Form PF Deadline Calendar

Tracking Form PF deadlines is critical. Here's a reference calendar for fiscal year-end December 31st filers:

Filer TypeFiscal Year EndQ1 DeadlineQ2 DeadlineQ3 DeadlineQ4/Annual Deadline
Large Hedge Fund Adviser (Quarterly) Dec 31 May 30 Aug 29 Nov 29 Feb 28/29
Small Hedge Fund Adviser (Annual) Dec 31 - - - Apr 30
Large Liquidity Fund Adviser Dec 31 Apr 15 Jul 15 Oct 15 Jan 15
Large Private Equity Adviser Dec 31 - - - Apr 30

💡 Event Reports: 72 Hours from Occurrence

Event reporting deadlines are measured from when the triggering event occurs or threshold is met, not from quarter-end.

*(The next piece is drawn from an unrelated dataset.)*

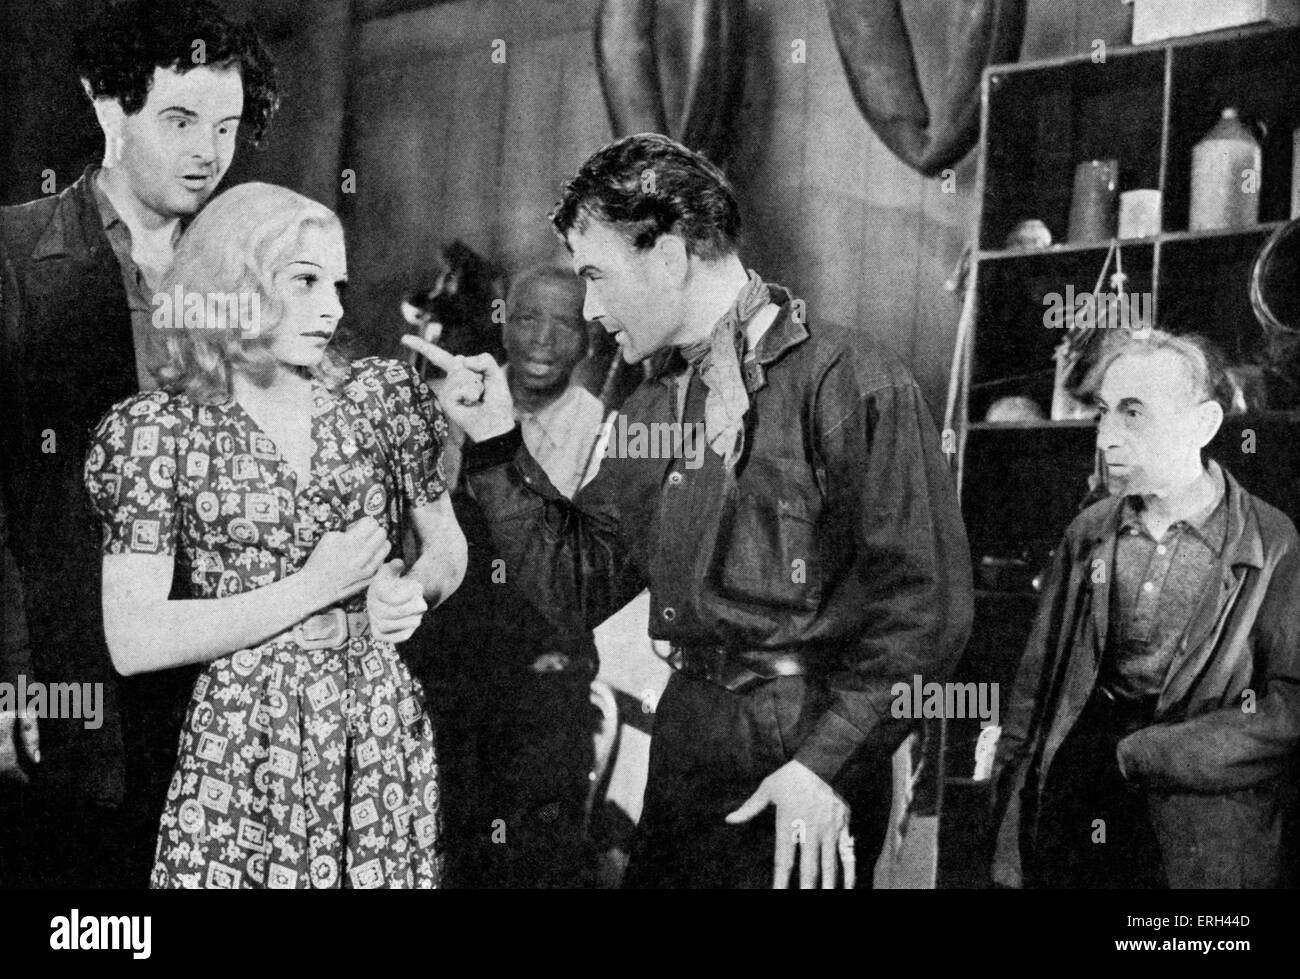 'Of Mice and Men' by John Steinbeck, with John Mills, Niall MacGinnis and Claire Luce at the Apollo Theatre, London, July 1939. Stock Photo
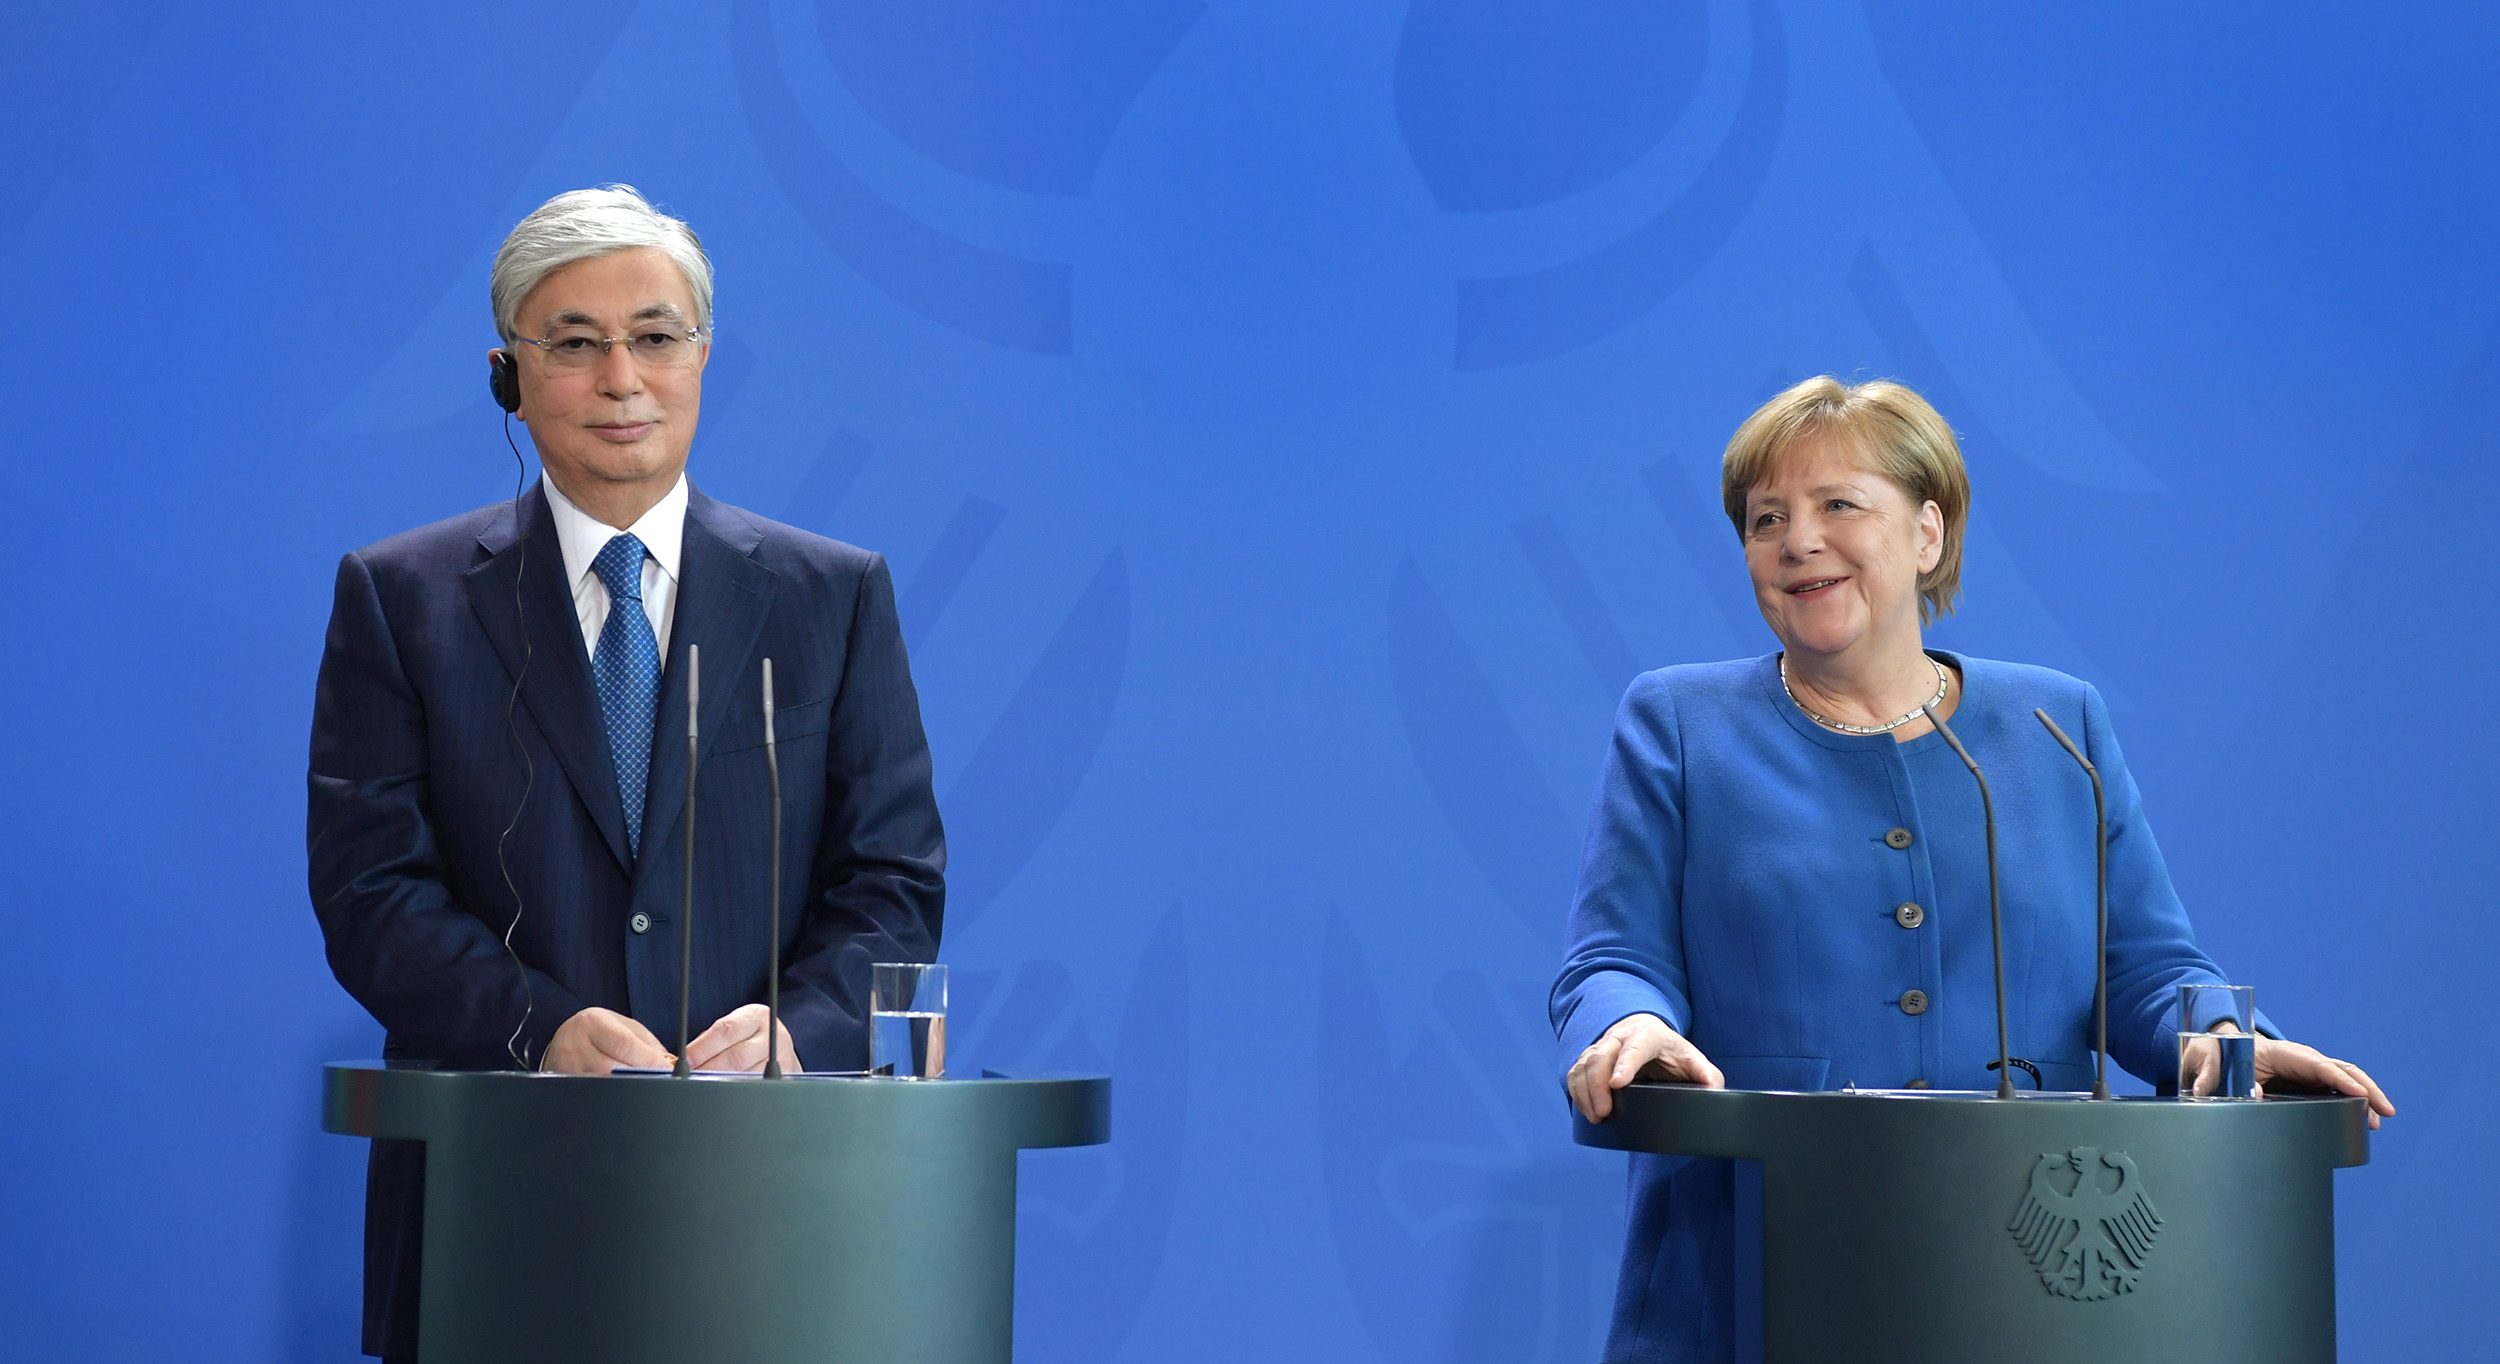 Kazakh President and the Chancellor of Germany holds press conference

I maintain real-time monitoring to detect events immediately.

Implementation Best Practices

To maintain Form PF compliance, I implement these ongoing practices:

What I Would Ask You For Before a Form PF Readiness Review

To plan against the October 1, 2026 compliance date, please be ready to share:

  • Most recent Form PF filing (current version of the form)
  • Most recent Form ADV Part 1A, Item 5 (RAUM, private fund AUM, client counts)
  • Fund structure chart: master and feeder vehicles, parallel funds, parallel managed accounts, blocker corps
  • List of parallel managed accounts with gross asset value, identifying which are dependent parallel managed accounts
  • RAUM calculation worksheet for the most recent quarter
  • Strategy classification used in Section 1 for each hedge fund
  • Any prior 72-hour event report filings under the 2023 amendments
  • Internal compliance calendar showing how Form PF tasks are sequenced today

What I Would Look For in a Form PF Readiness Review

  • Whether the current aggregation chart correctly captures master-feeder, parallel-fund, and dependent parallel managed account structures, and whether any of those would push the manager over the $1.5B large hedge fund or $2B large private equity threshold once the joint 2024 amendments are operational
  • Whether RAUM is being calculated on Form ADV Part 1A, Item 5 methodology consistently across Form ADV and Form PF
  • Whether the 2023 event reporting program is actually wired into operations: NAV monitoring, margin events, redemption events, and operations events with 72-hour escalation paths
  • Whether the strategy classification used in Section 1 is defensible given the actual portfolio composition
  • Whether the manager is ready for separate component-fund reporting under the joint 2024 amendments, including the data fields that did not previously exist in Form PF
  • Whether the CCO and CFO have a written allocation of Form PF tasks and a documented dry-run cadence
  • Whether parallel managed accounts that look "separately managed" are actually dependent parallel managed accounts requiring aggregation
  • Whether SEC staff's pending reconsideration of Form PF thresholds is likely to affect the filing posture before October 1, 2026 (watch the rulemaking docket; do not assume the thresholds will move)
Disclaimer: This guide provides general information about Form PF reporting requirements for investment advisers managing private funds. Form PF reporting obligations are complex and fact-specific. I consult with experienced securities counsel and compliance consultants to ensure accurate and timely Form PF filings.